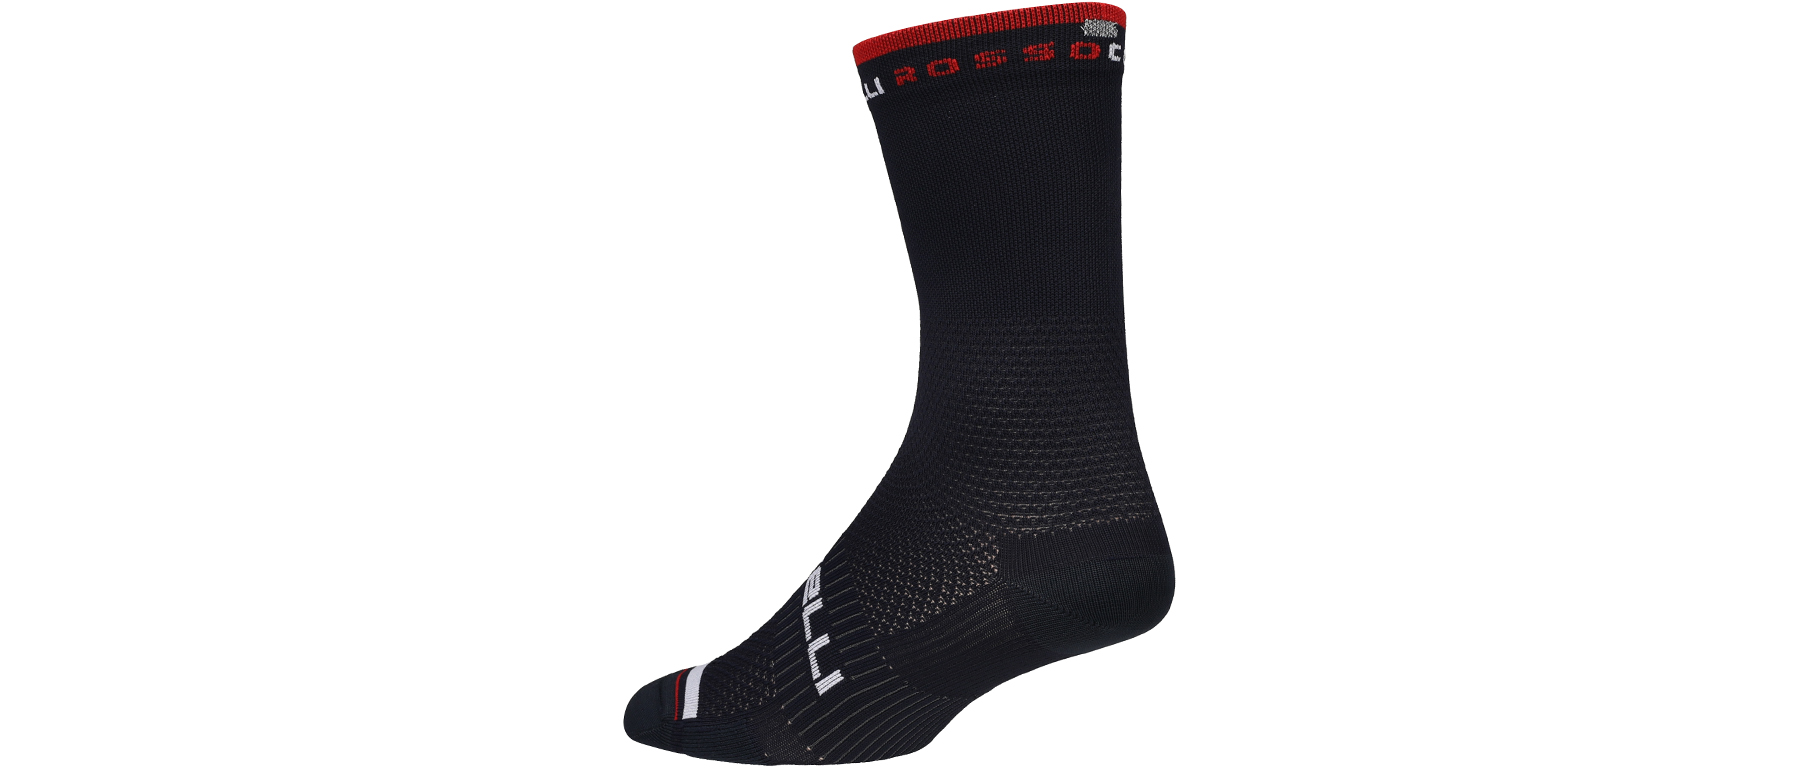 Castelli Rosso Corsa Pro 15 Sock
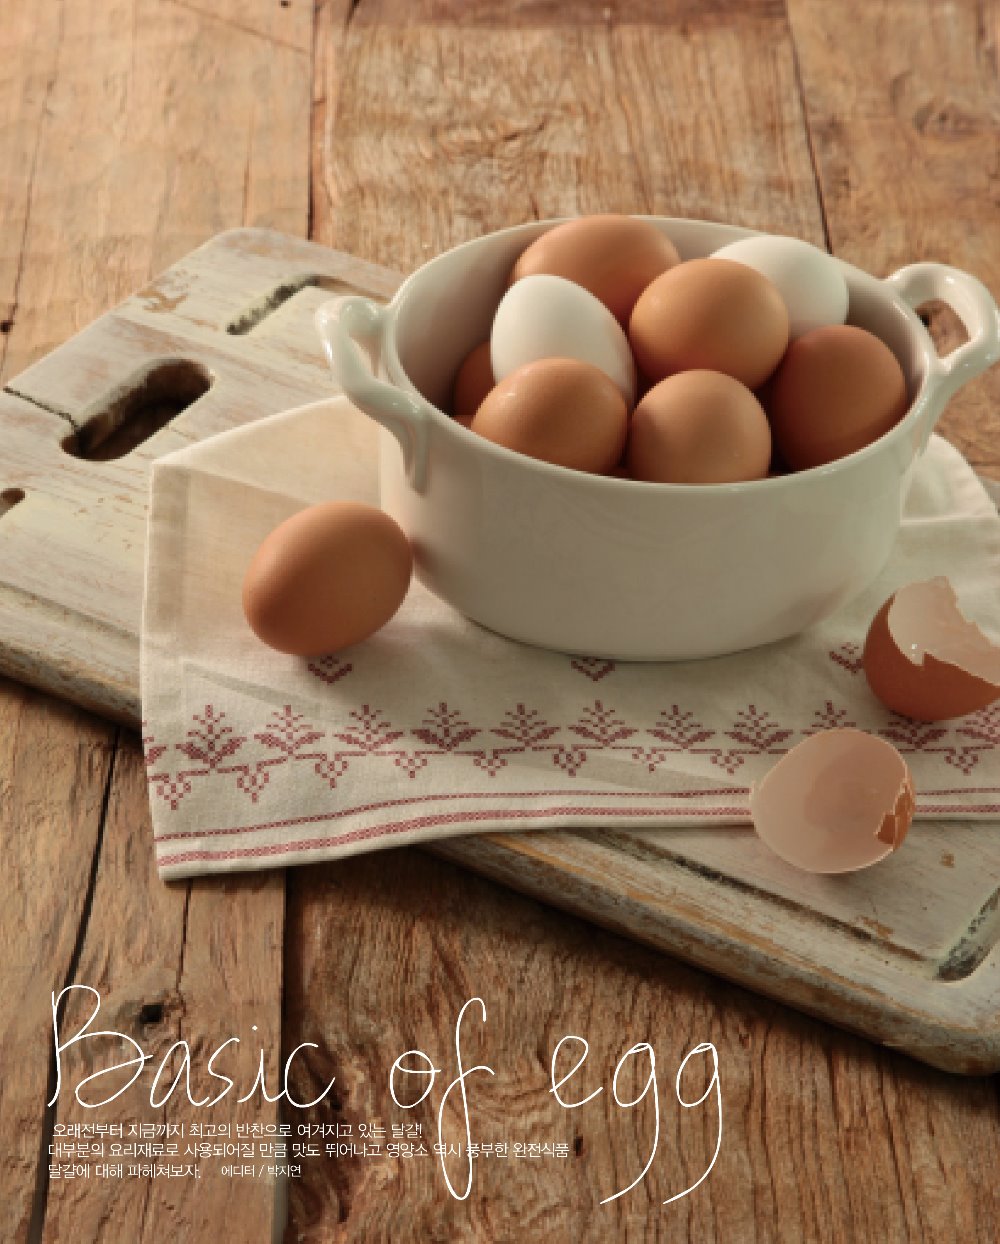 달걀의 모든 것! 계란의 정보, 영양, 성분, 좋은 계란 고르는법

==

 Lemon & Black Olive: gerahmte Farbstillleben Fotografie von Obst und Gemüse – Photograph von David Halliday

**About this exercise:**
Within the material above, find the part that opens with the line containing "Castelli Rosso Corsa Pro 15 Sock" and closes with the line containing "달걀의 모든 것! 계란의 정보, 영양, 성분, 좋은 계란 고르는법", and reproduce it exactly without the pictures.

**Response to the task:**
 Castelli Rosso Corsa Pro 15 Sock
 달걀의 모든 것! 계란의 정보, 영양, 성분, 좋은 계란 고르는법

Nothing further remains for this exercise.